[Required action] Output word for word the lines from the one with "Стакан для пива, 430" to the final line of the data, both ends included, but skip the pictures.

[Source material]
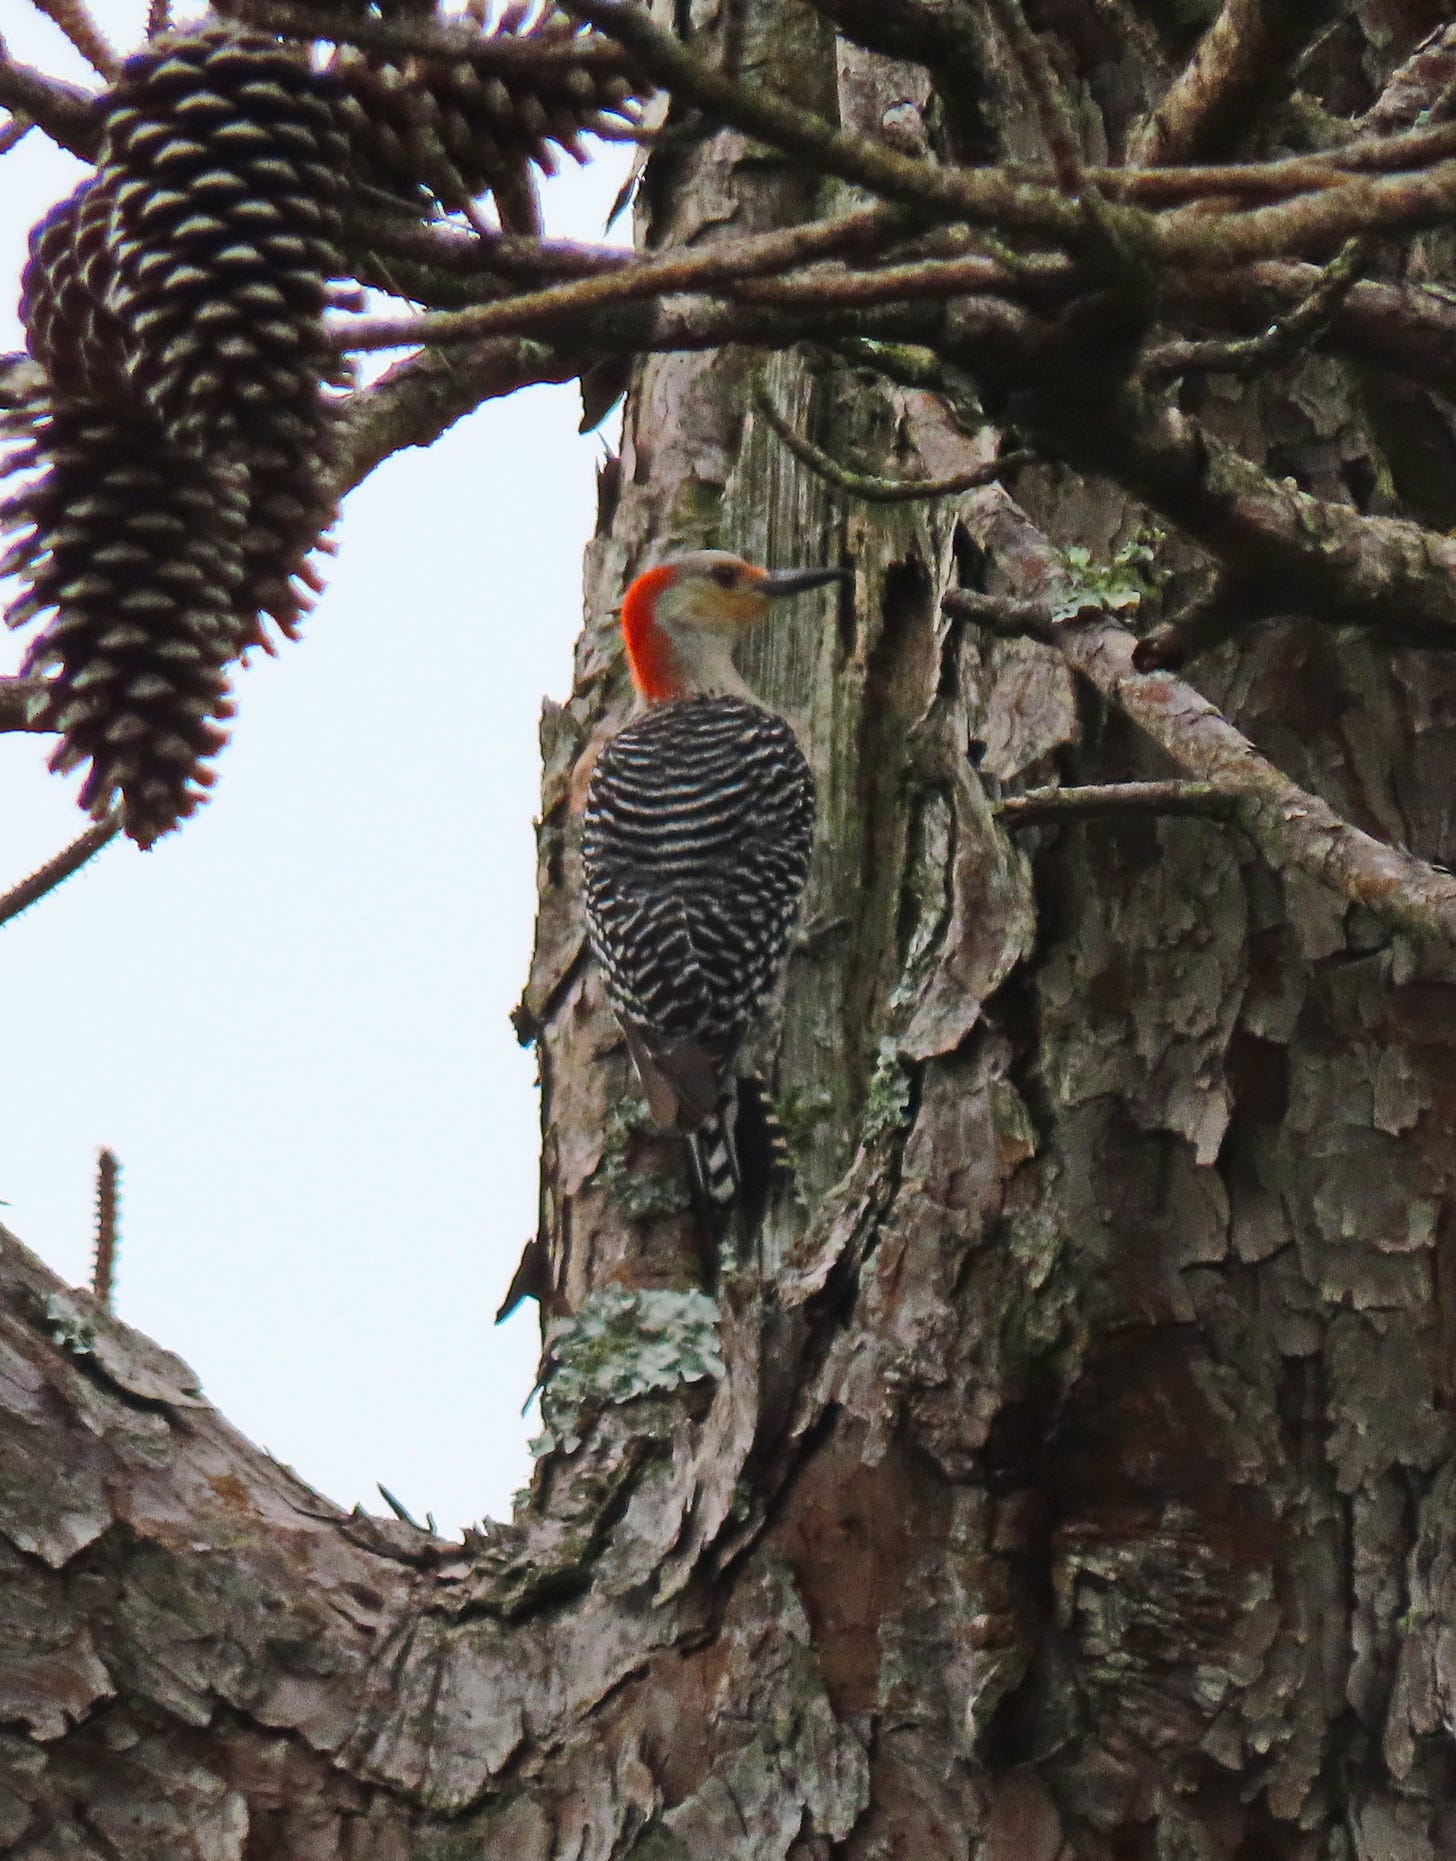 A woodpecker in a pine tree
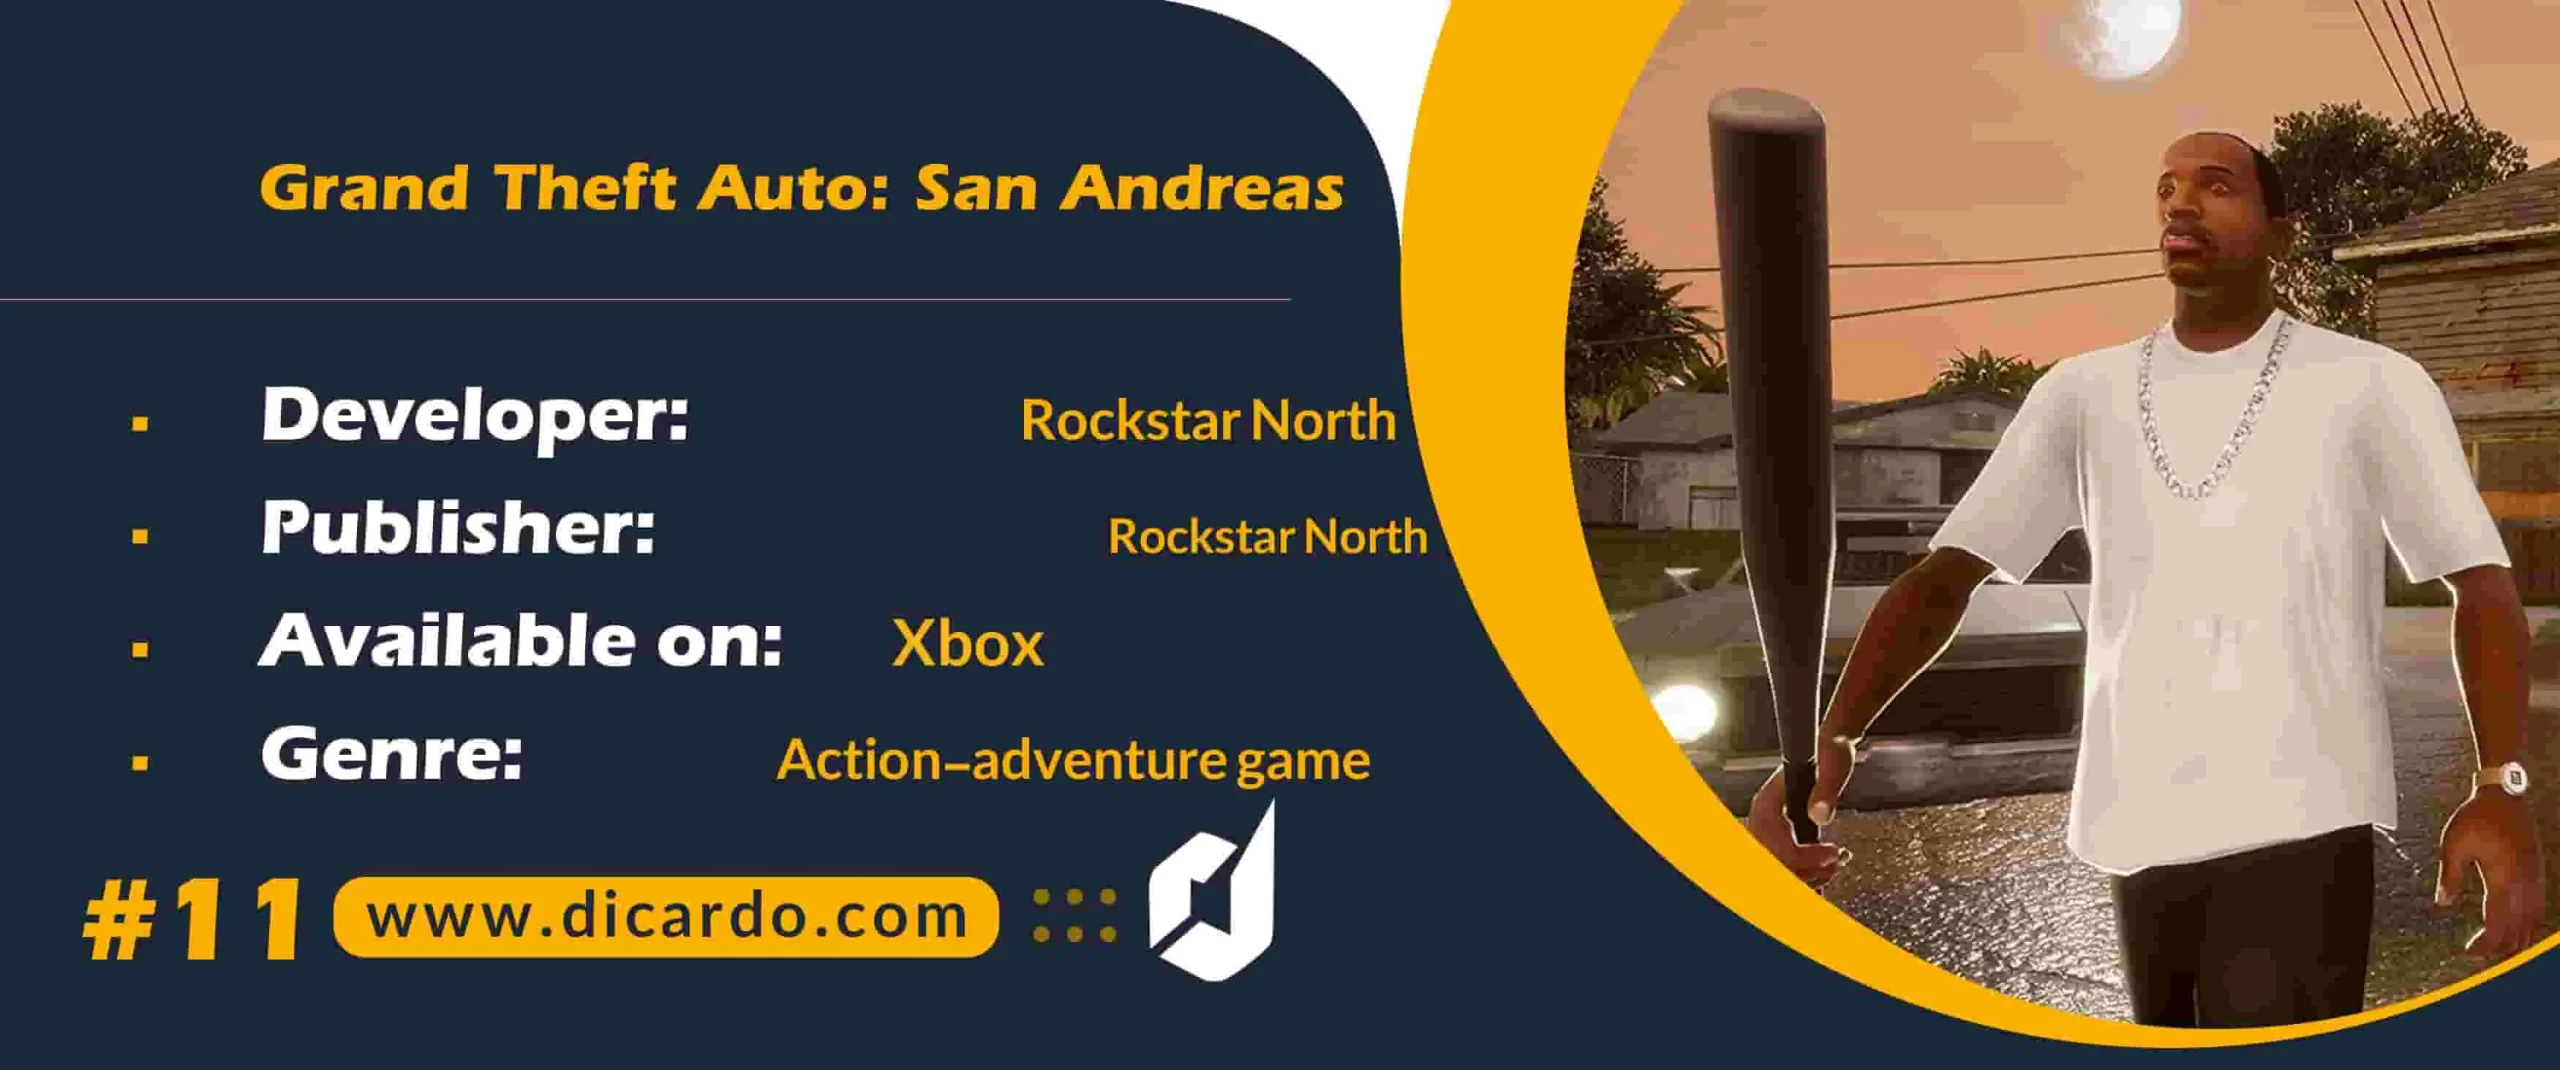 #11 گرند تفت اوتو سان آندریس Grand Theft Auto: San Andreas
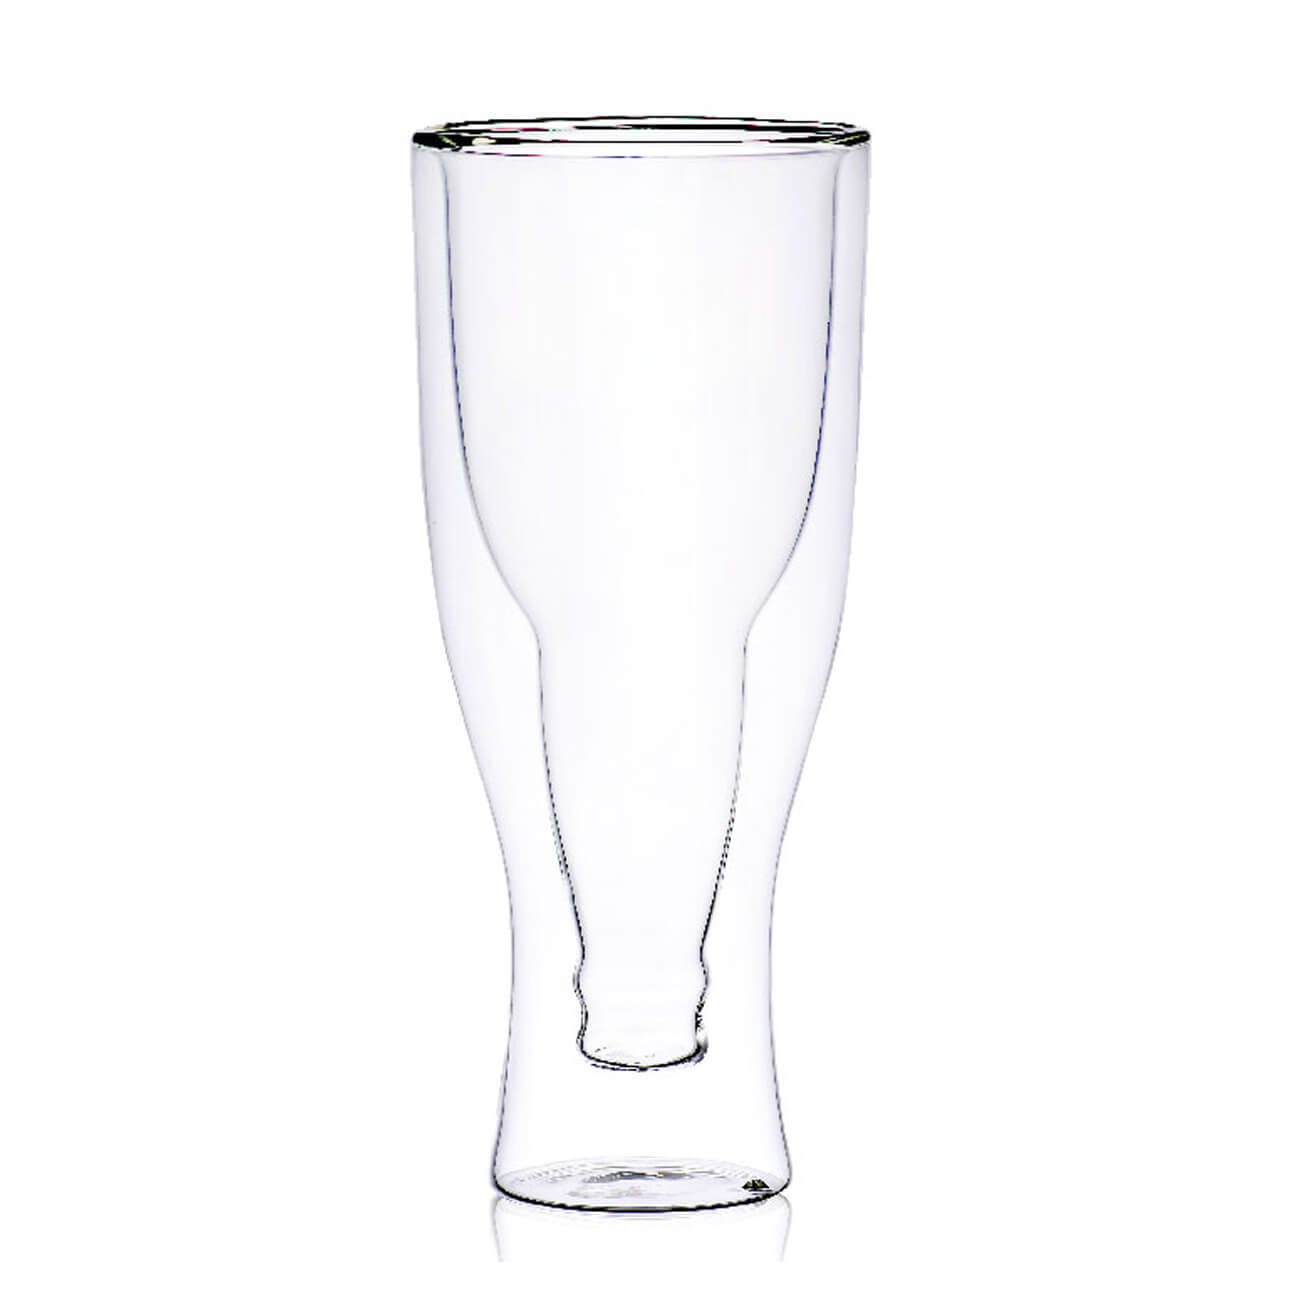 Стакан для пива, 430 мл, стекло Б, Бутылка, Air shape стакан для пива luminarc тюлип пивные страны q1033 570мл
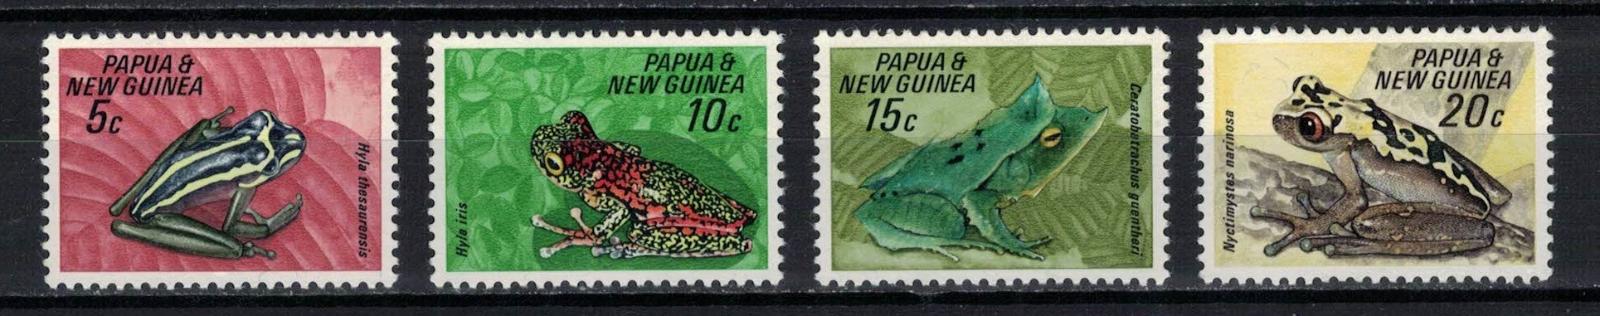 Papua Nová Guinea 1968 kompletní série "Fauna Conservation - Frogs" - Tematické známky
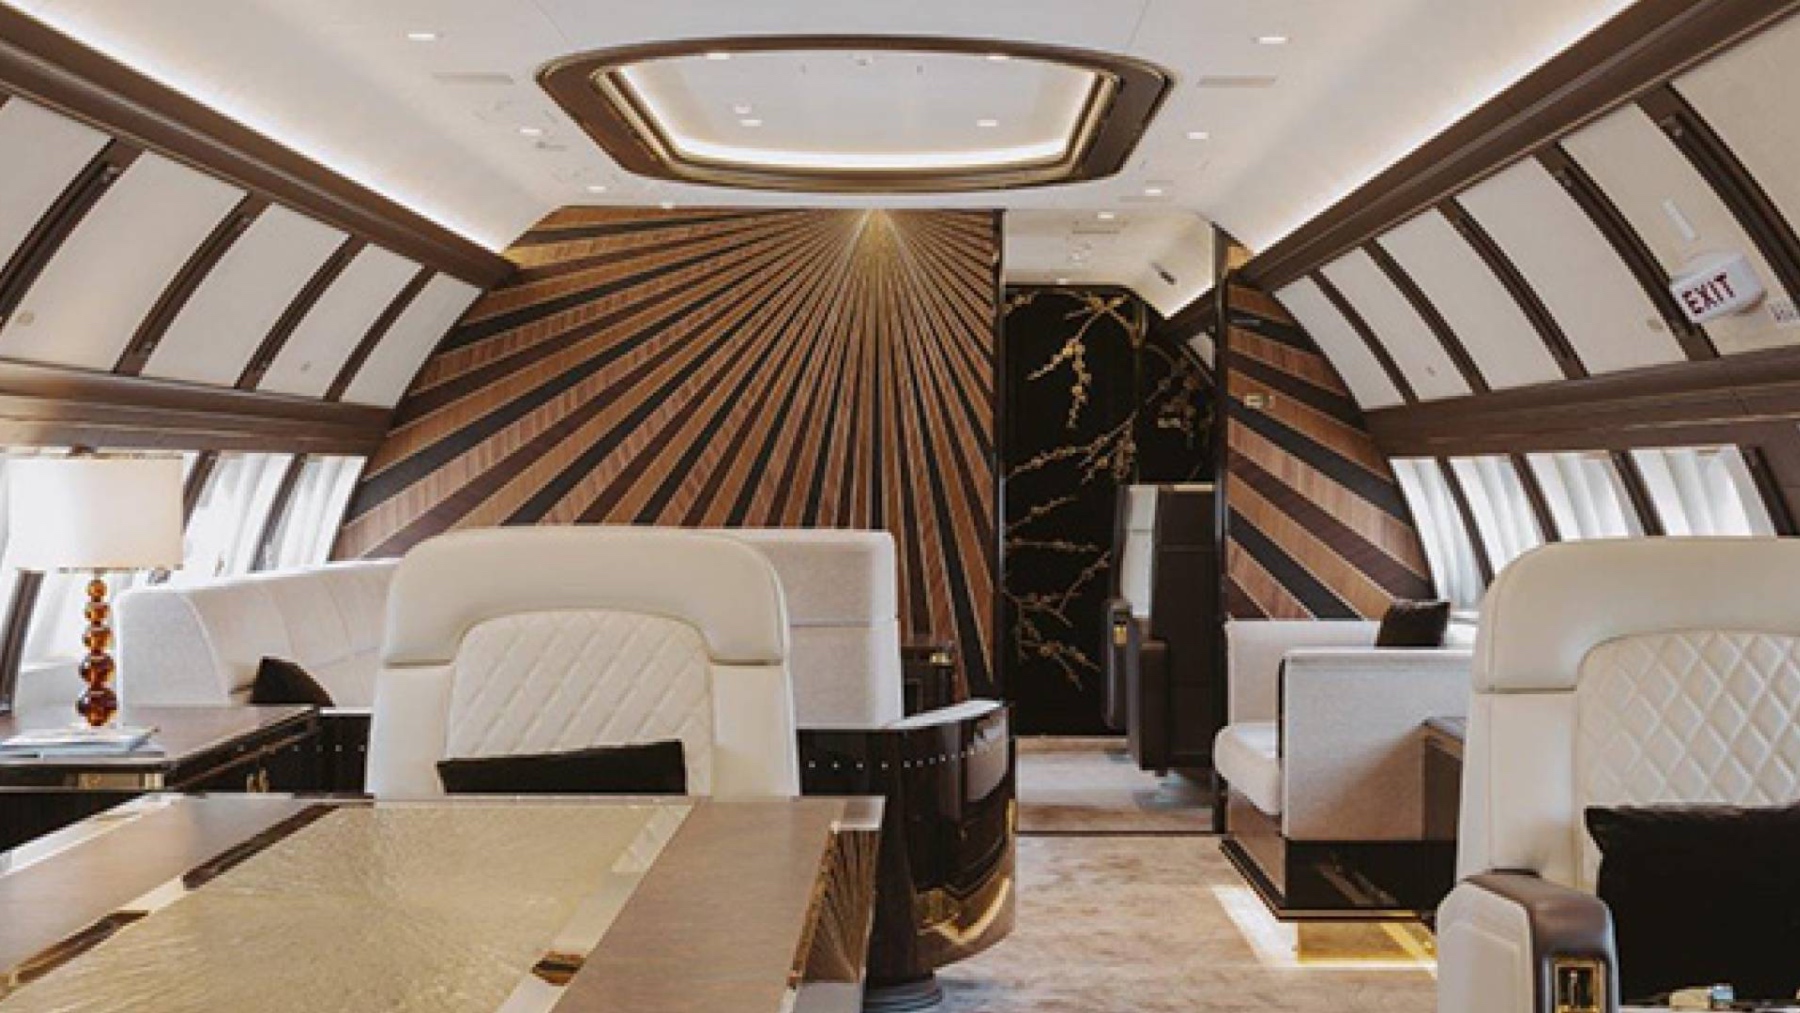 El jet privado con el que viajar a los años 20 gracias a su interior Art Déco

[Written solution]
 Стакан для пива, 430 мл, стекло Б, Бутылка, Air shape стакан для пива luminarc тюлип пивные страны q1033 570мл
 Papua Nová Guinea 1968 kompletní série "Fauna Conservation - Frogs" - Tematické známky
 El jet privado con el que viajar a los años 20 gracias a su interior Art Déco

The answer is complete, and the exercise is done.